Q: How do you like them? Pros/cons.
A: In summary: they’re a camera and bluetooth headphones/microphone that you wear as glasses. Fit and finish is excellent. Battery life is minimum viable product level: you can drain them in a few hours by taking a bunch of photos or videos or bluetooth audio…maybe fine if you are an optional glasses wearer (and can thus take them off to charge), less good if you have to wear glasses all day. It’s useful to be able to take hands-free photos (I can see lots of opportunities for making tutorials). AI assistant features are hit-or-miss: It’s kind of neat to have “Hey meta, take a look and define this word” (use photo, interpret where finger is pointed, return a definition). But translation failed on a chinese newspaper headline (as of 07/2024). I am a very text-oriented person, so audio-based interactions are novel for me.

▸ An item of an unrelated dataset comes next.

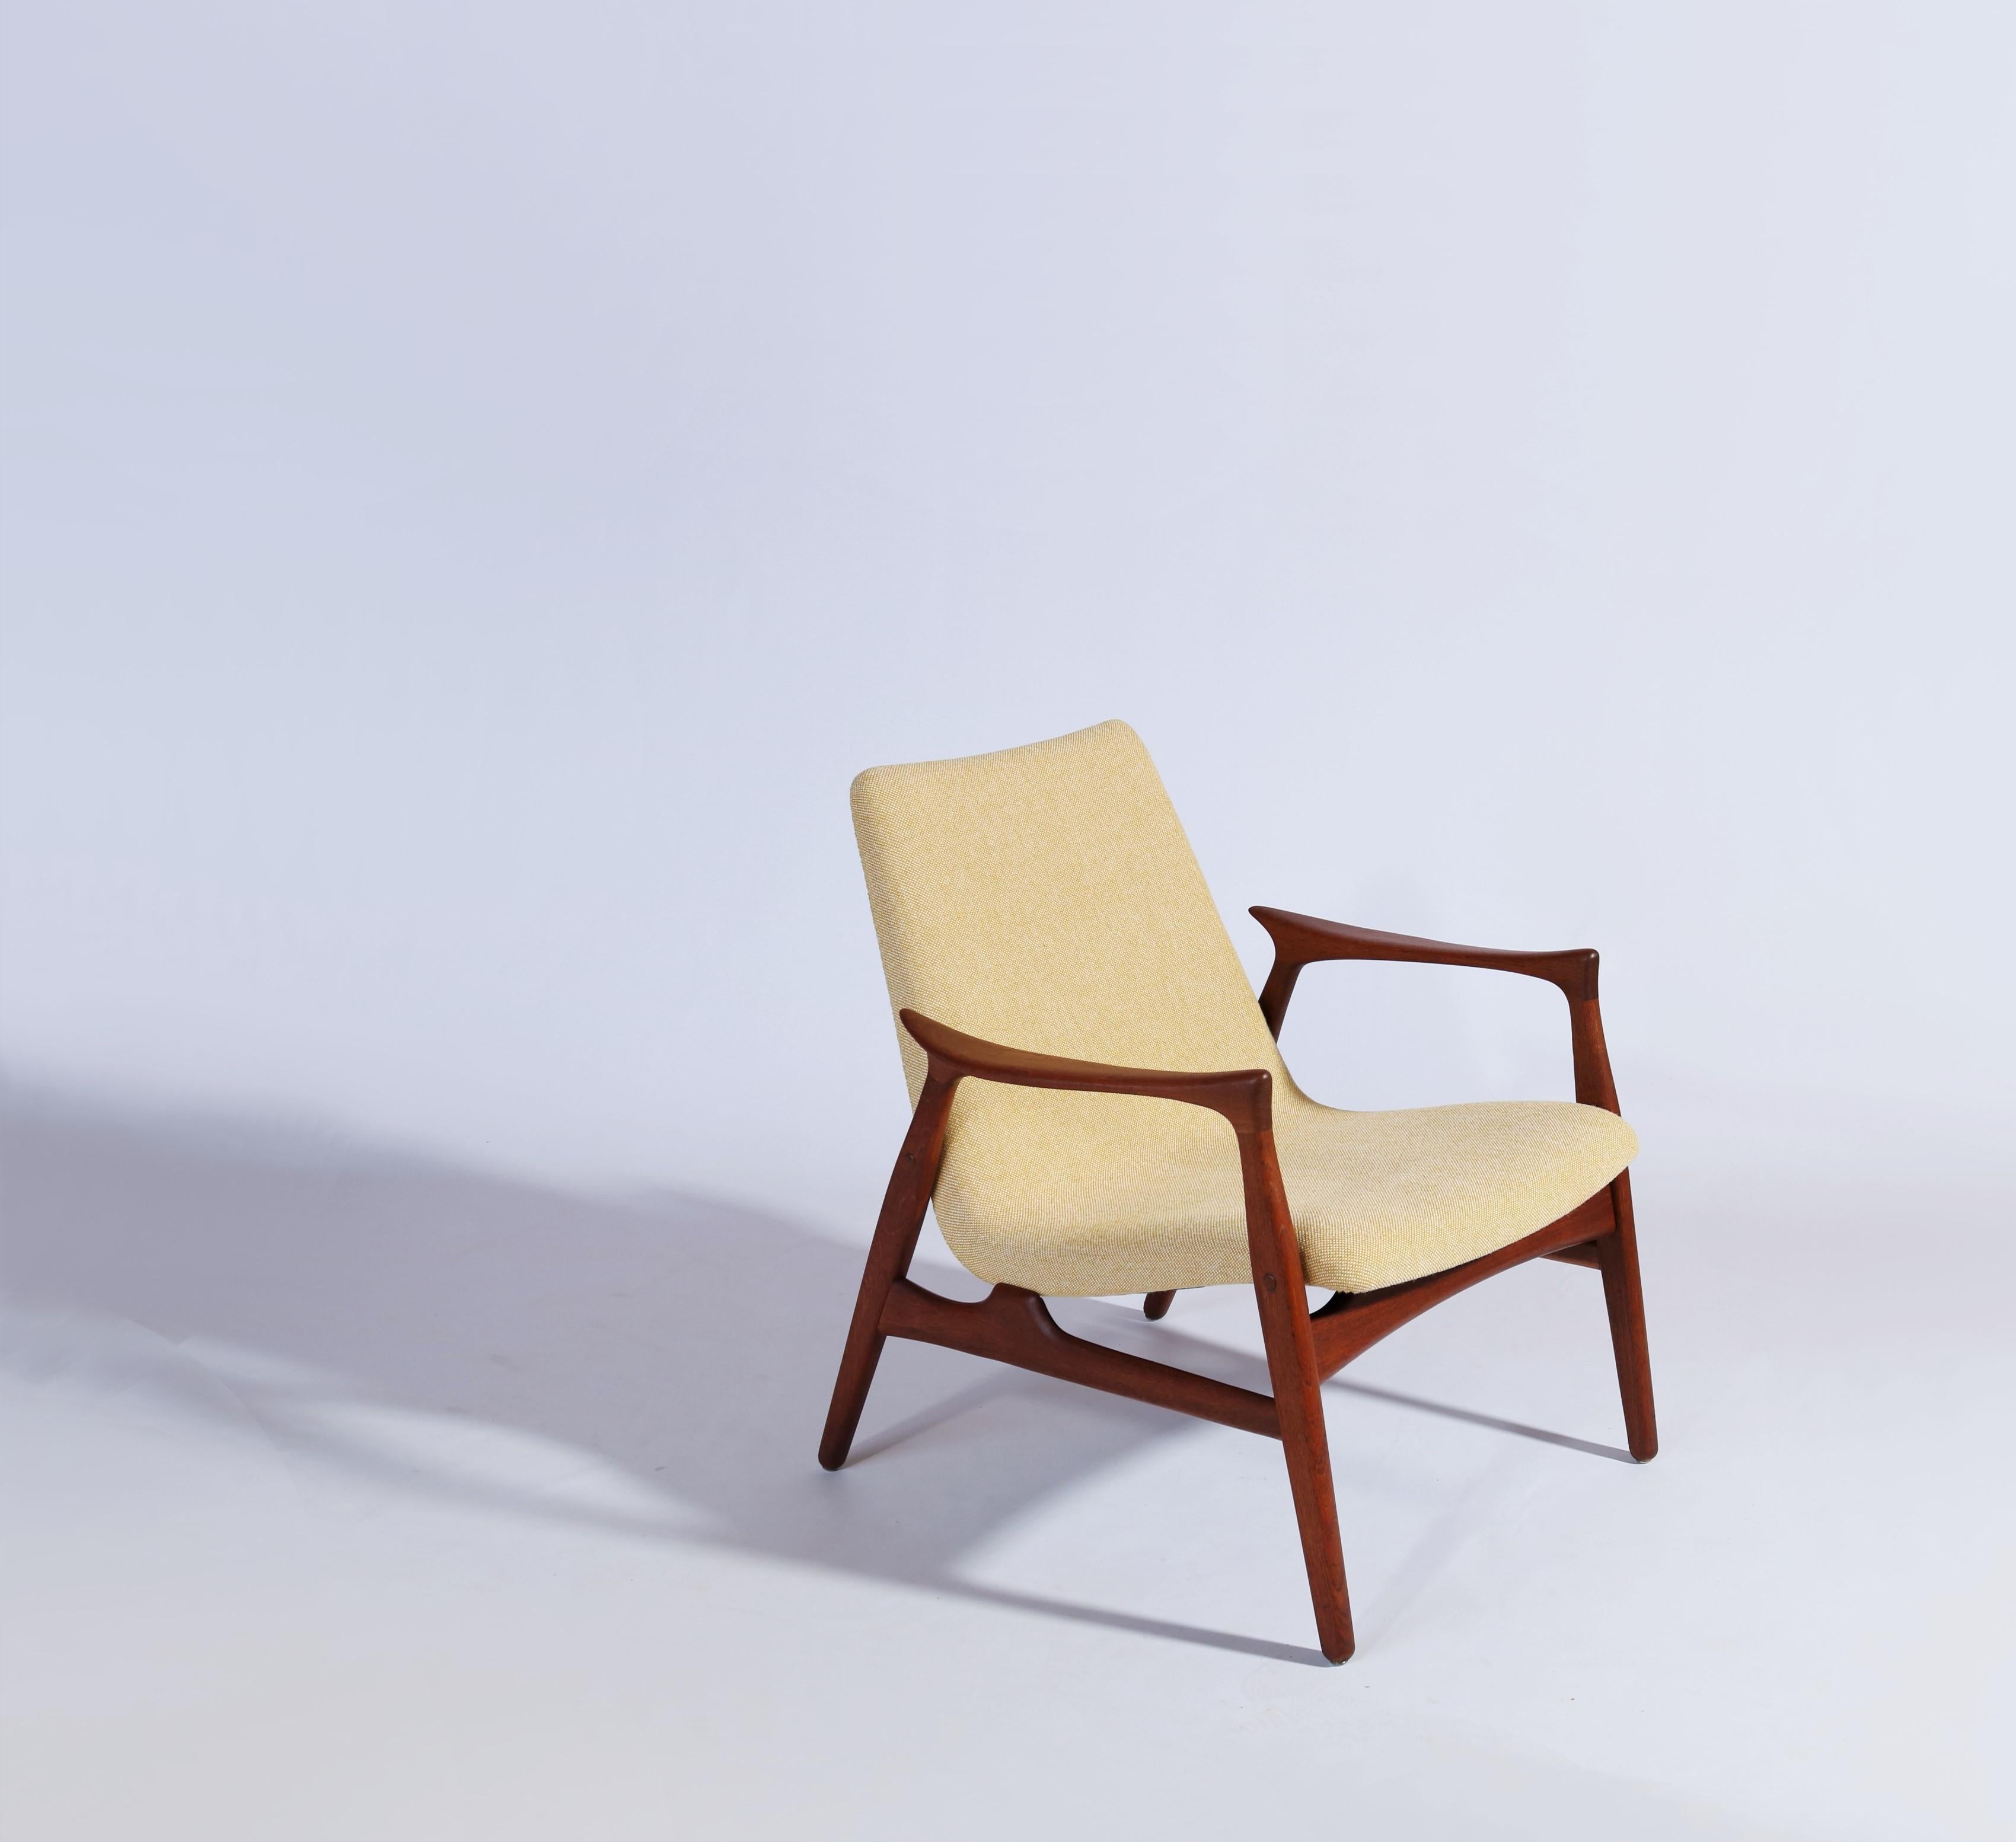 Mid-20th Century Danish Modern Easy Chair in Teak Wood by Arne Hovmand Olsen, Denmark, 1958

A: One cool thing I did the other day while reading a book was ask the AI questions and examples related to terms in the book. It was a nice way not to break the flow of reading.
Q: How can you connect multiple devices for audio?

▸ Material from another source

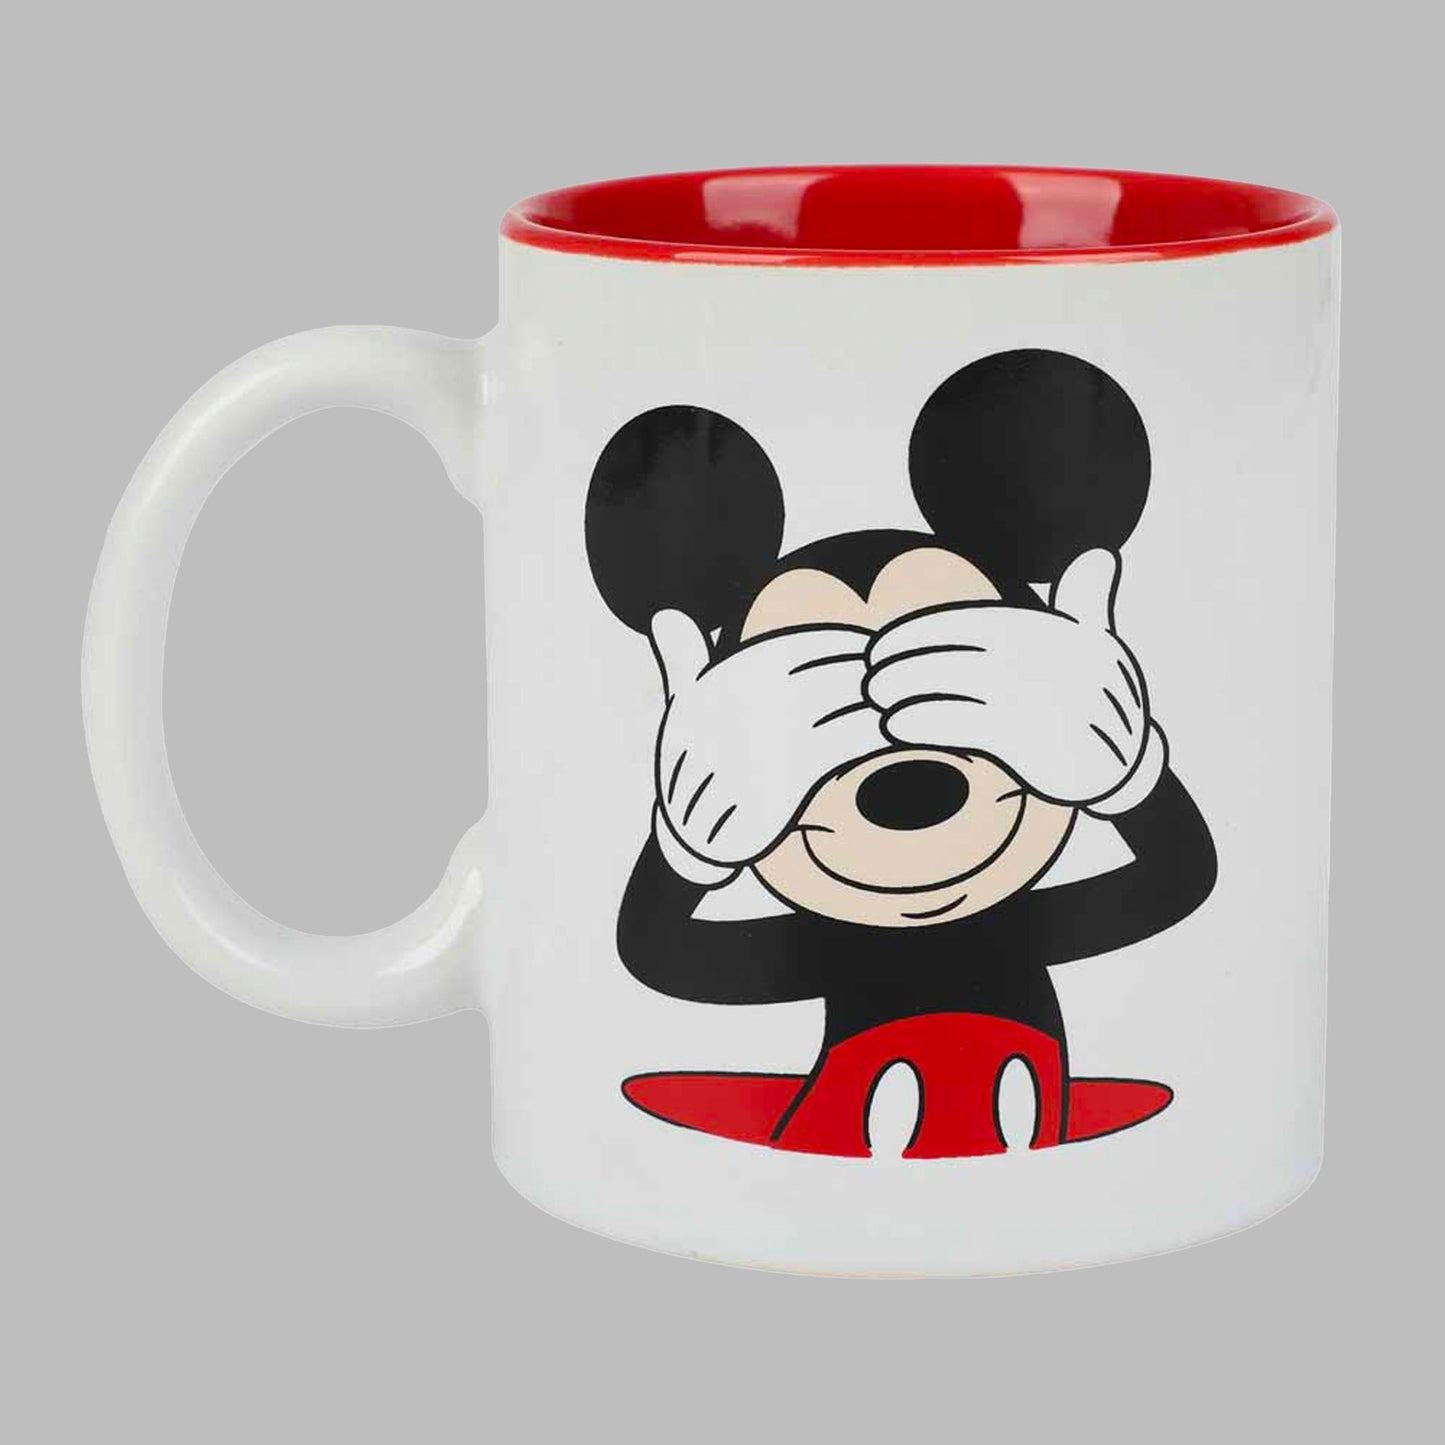 Disney Mickey Mouse Mug Warmer with 12 Ounce Mug

A: See these Reddit instructions; tldr—-turn off bluetooth on your existing device, put them in the case, push the pairing button on the back of the case until the light turns blue, then just pair them. You can pair multiple your glasses to multiple devices. The AI and message functions still pass through from your phone.

Ideas for applications that should exist

My running list of app ideas (probably using the Whatsapp hack):

You can’t schedule a timer with the voice assistant (as of July 2024). Idea: TimerApp – This seems like it would be easy. “OK meta, send message to timer on whatsapp. Set timer to 34 minutes. (Or: Remind to take out the wash in 34 minutes)” (run a flask app, parse inputs with a lightweight model, put it in a cron-job queue, and then send the message back to whatsapp when the timer is up) (Update 10/2024 This got added as a feature in the latest update. I tested it while doing laundry and it worked great.)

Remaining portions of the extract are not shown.